The ethologist John B. Calhoun coined the term "behavioral sink" to describe the collapse in behavior which resulted from overcrowding. Over a number of years, Calhoun conducted over-population experiments on Norway rats (in 1958–1962) and mice (in 1968–1972). Calhoun coined the term "behavioral sink" in his February 1, 1962 report in an article titled Population Density and Social Pathology in the Scientific American weekly newspaper on the rat experiment. Calhoun's work became used as an animal model of societal collapse, and his study has become a touchstone of urban sociology and psychology in general.

In the 1962 study, Calhoun described the behavior as follows:

The common source of these disturbances became most dramatically apparent in the populations of our first series of three experiments, in which we observed the development of what we called a behavioral sink. The animals would crowd together in greatest number in one of the four interconnecting pens in which the colony was maintained. As many as 60 of the 80 rats in each experimental population would assemble in one pen during periods of feeding. Individual rats would rarely eat except in the company of other rats. As a result extreme population densities developed in the pen adopted for eating, leaving the others with sparse populations.

[...] In the experiments in which the behavioral sink developed, infant mortality ran as high as 96 percent among the most disoriented groups in the population.

Calhoun would continue his experiments for many years, but the publication of the 1962 article put the concept in the public domain, where it took root in popular culture as an analogy for human behavior.

Calhoun retired from NIMH in 1984, but continued to work on his research results until his death on September 7, 1995.

Calhoun's early experiments with rats were carried out on farmland at Rockville, Maryland, starting in 1947.

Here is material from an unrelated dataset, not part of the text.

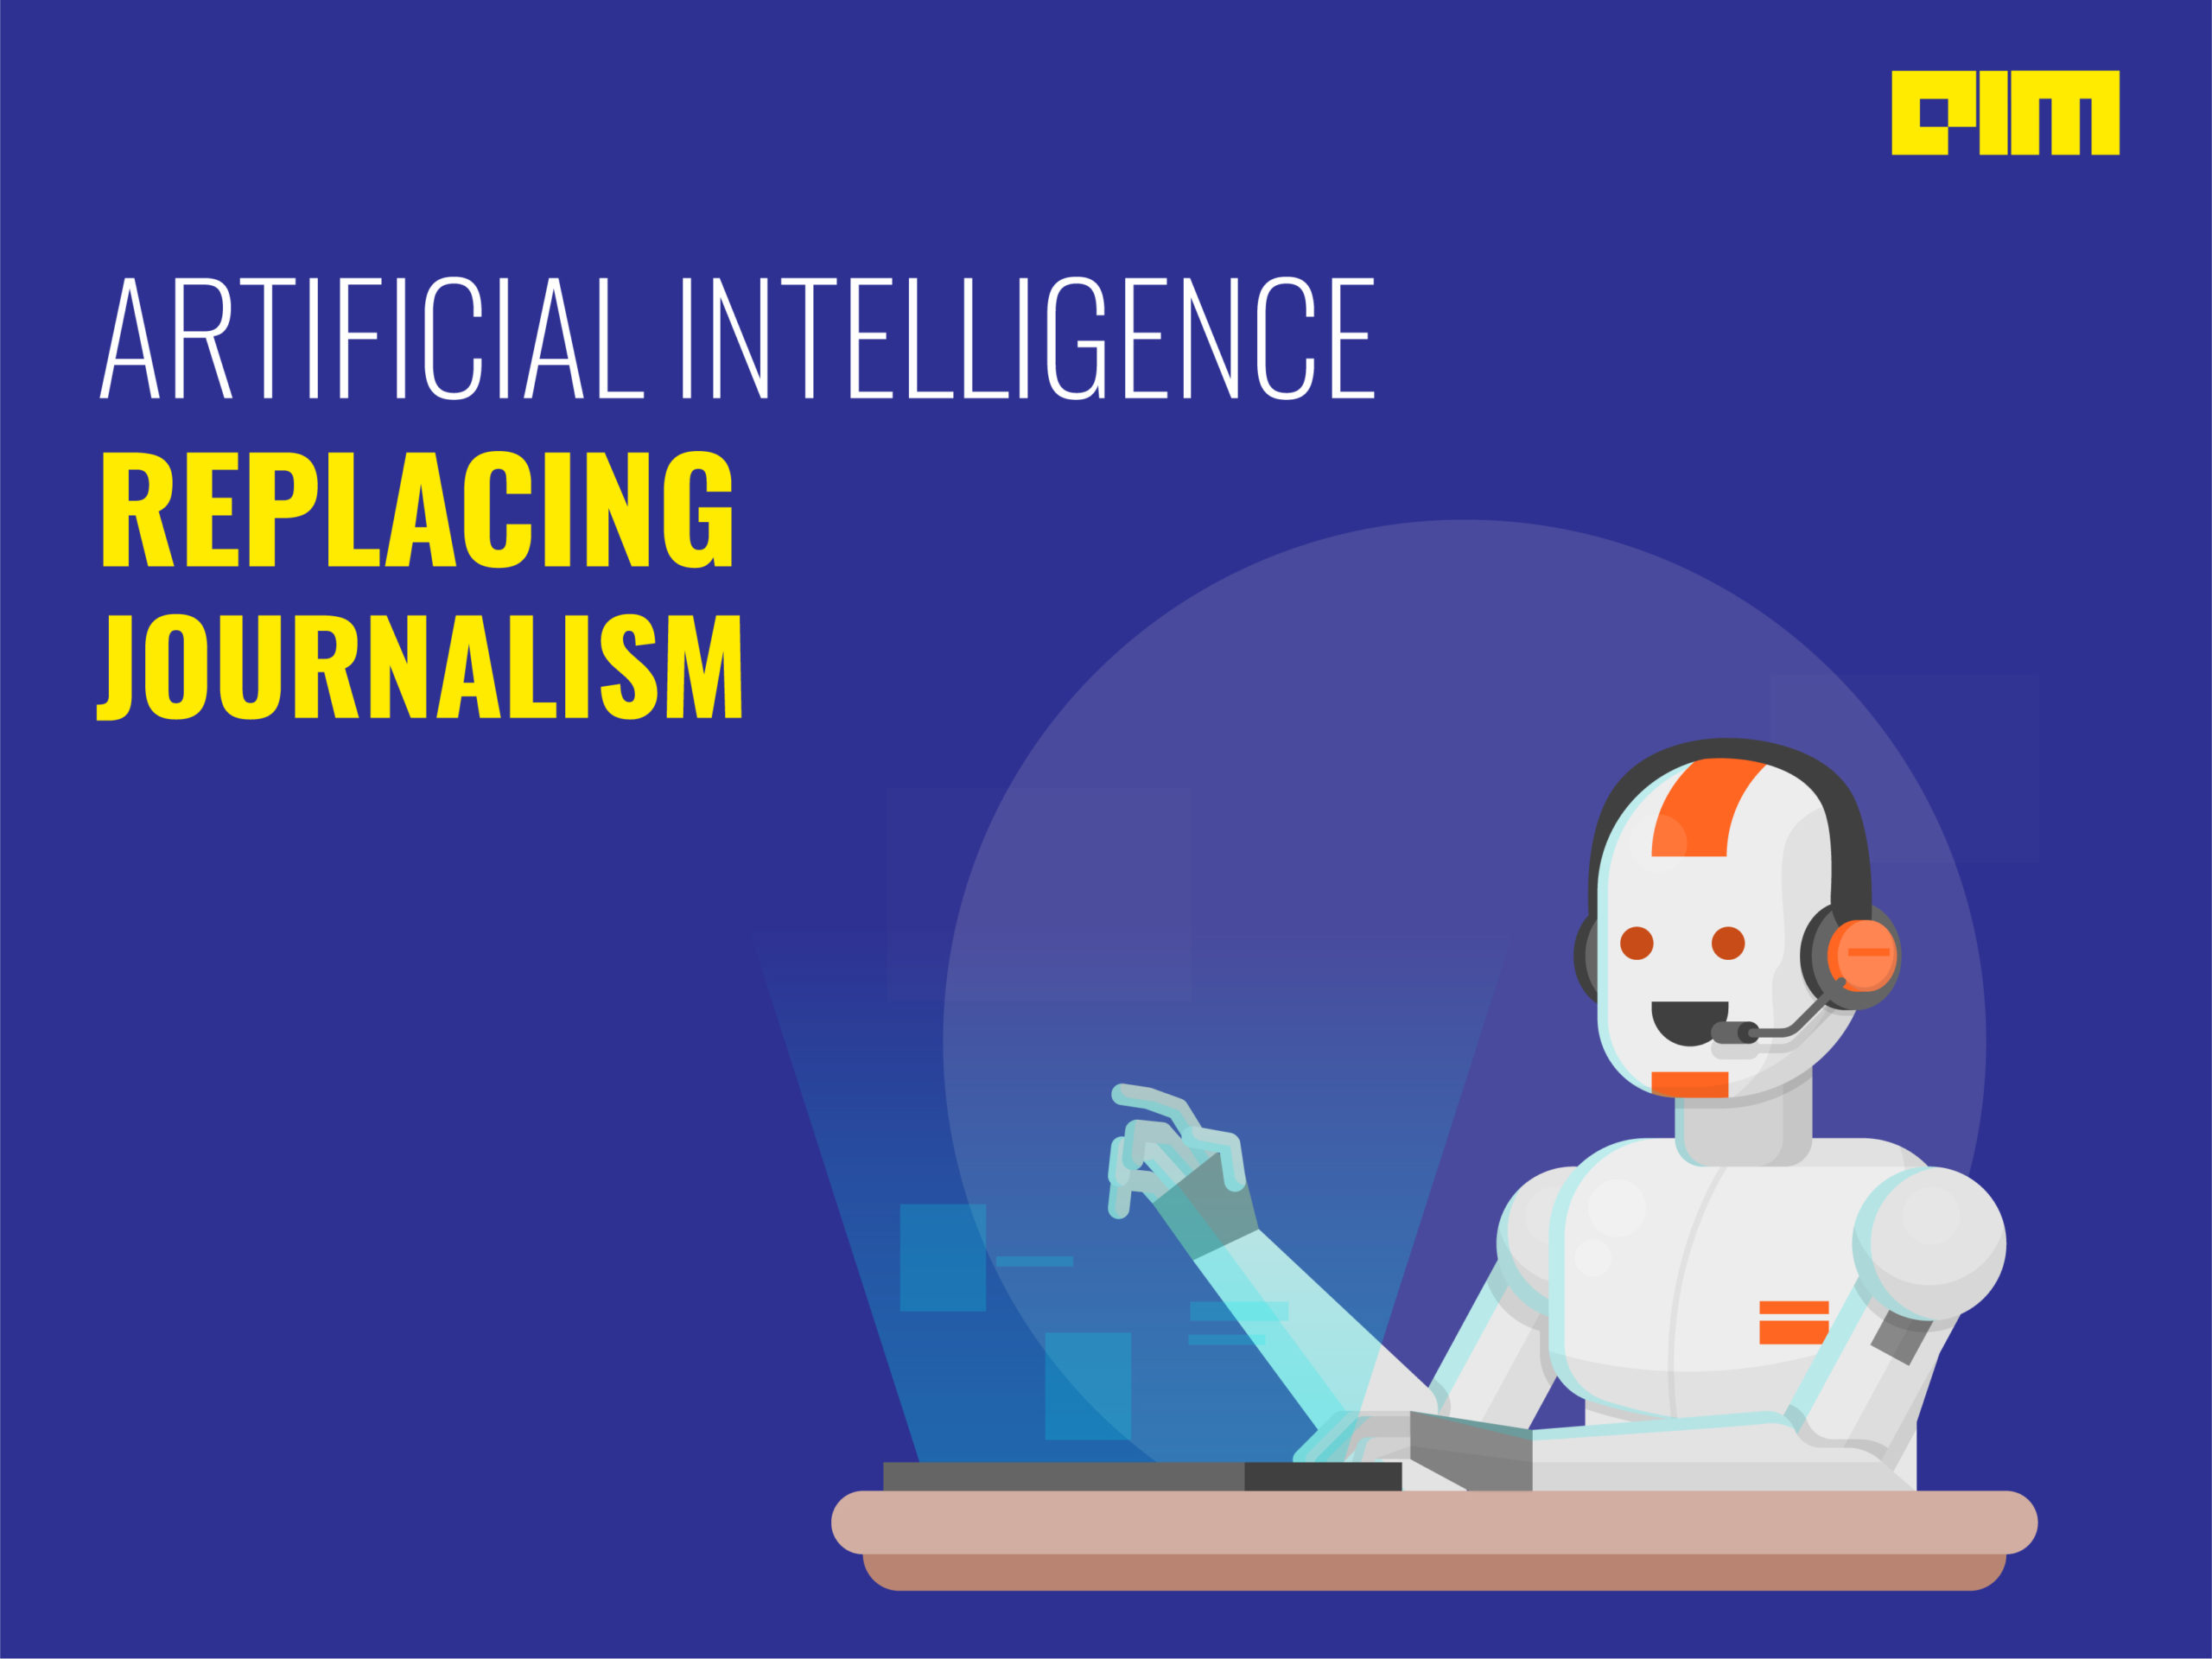 Microsoft Replaces Journalists With AI. Can We Rely On AI For News?

While Calhoun was working at NIMH in 1954, he began numerous experiments with rats and mice. During his first tests, he placed around 32 to 56 rodents in a 10 x 14-foot case in a barn in Montgomery County. He separated the space into four rooms. Every room was specifically created to support a dozen matured brown Norwegian rats. Rats could maneuver between the rooms by using the ramps. Since Calhoun provided unlimited resources, such as water, food, and also protection from predators as well as from disease and weather, the rats were said to be in “rat utopia” or “mouse paradise,” another psychologist explained.